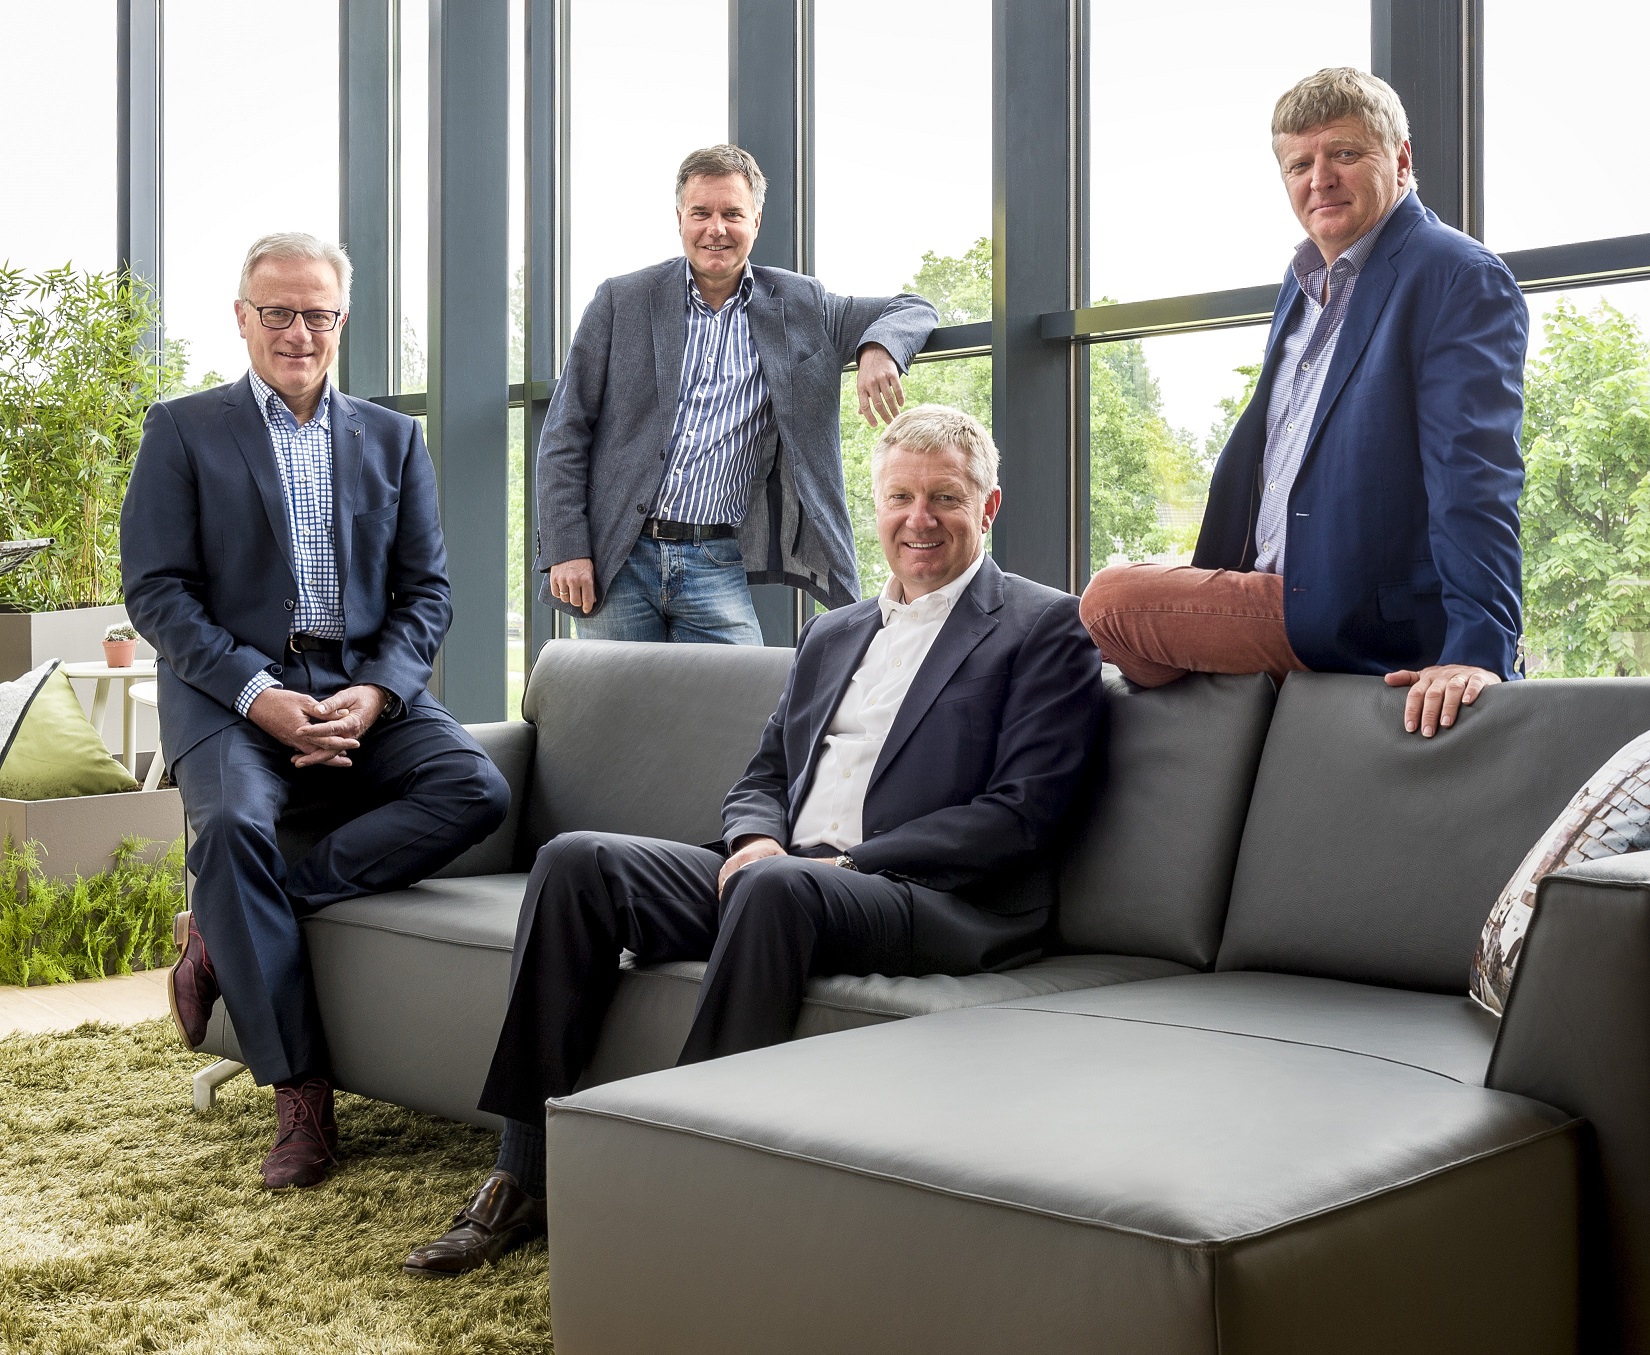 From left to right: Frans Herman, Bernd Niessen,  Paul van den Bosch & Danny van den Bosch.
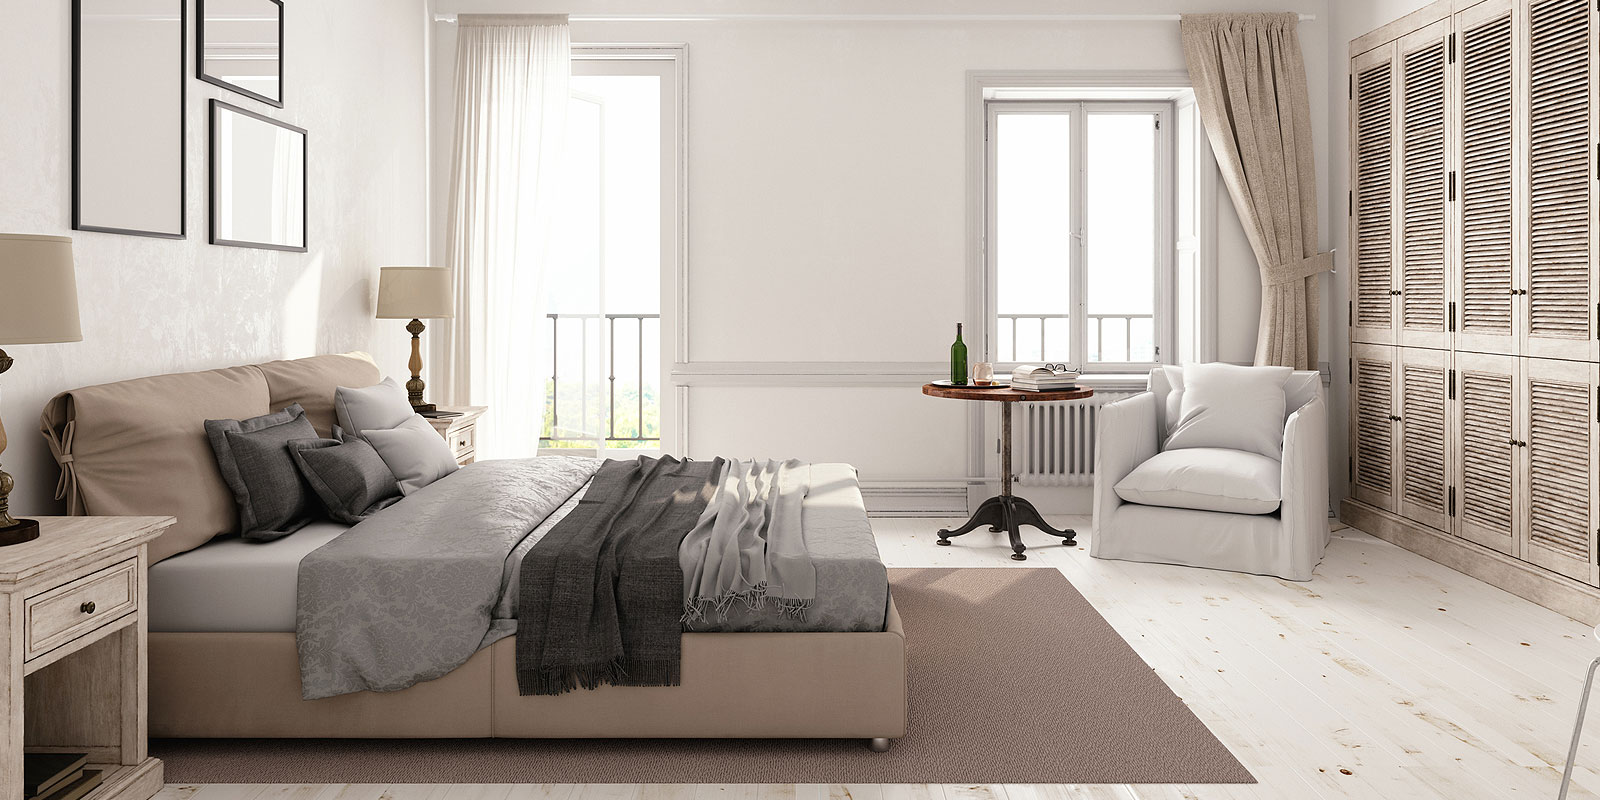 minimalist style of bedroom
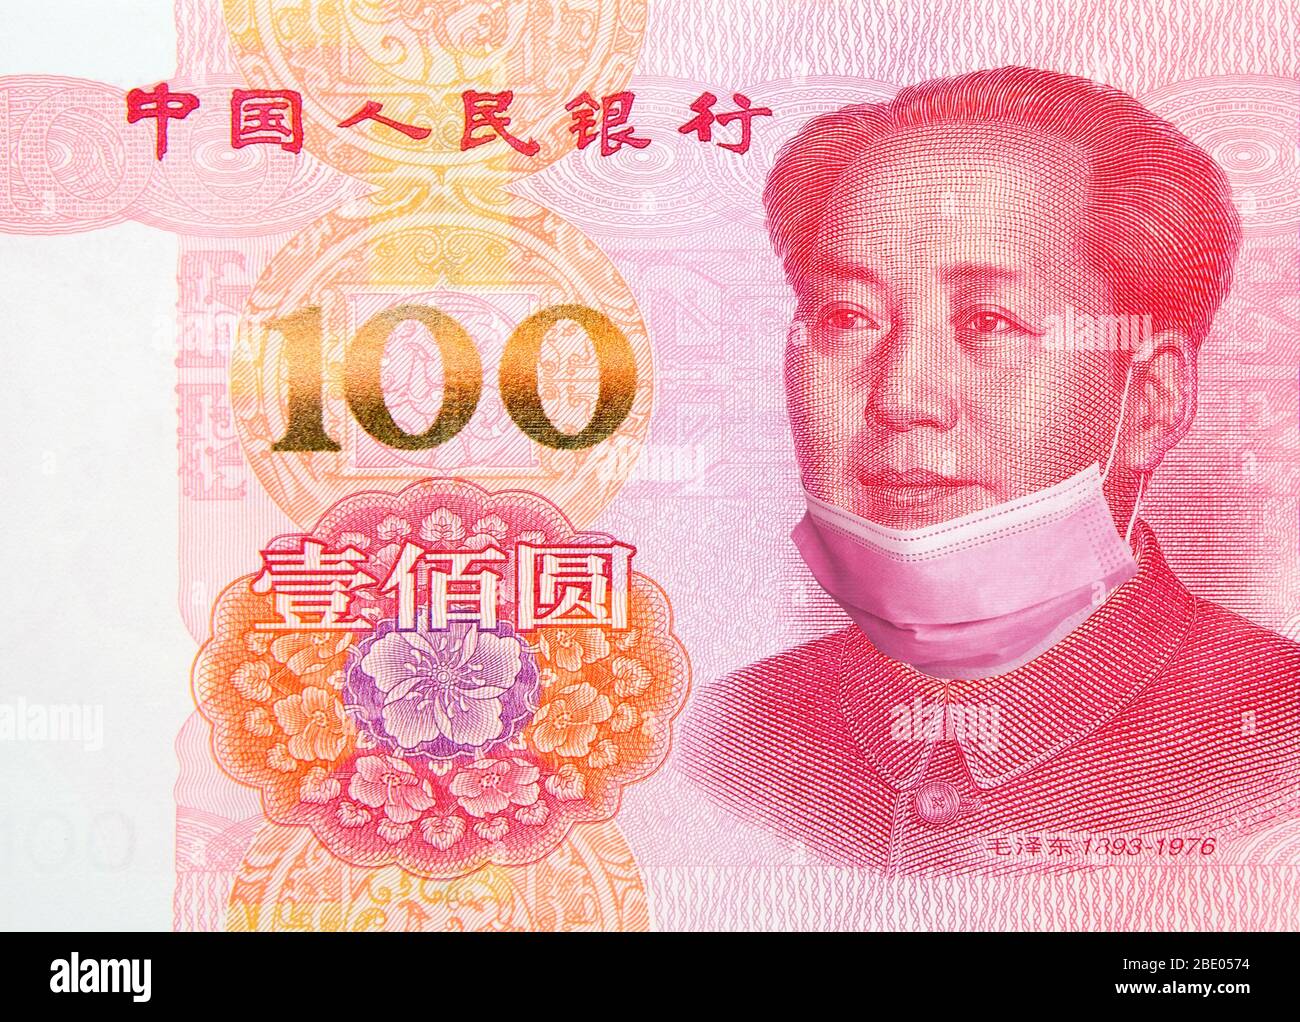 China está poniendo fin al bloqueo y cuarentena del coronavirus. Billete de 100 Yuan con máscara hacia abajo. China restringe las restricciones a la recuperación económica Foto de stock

TASK INSTRUCTIONS >> Set down the whole listing word for word, omitting the pictures.

REPLY >>
 From left to right: Frans Herman, Bernd Niessen,  Paul van den Bosch & Danny van den Bosch.
 minimalist style of bedroom
 China está poniendo fin al bloqueo y cuarentena del coronavirus. Billete de 100 Yuan con máscara hacia abajo. China restringe las restricciones a la recuperación económica Foto de stock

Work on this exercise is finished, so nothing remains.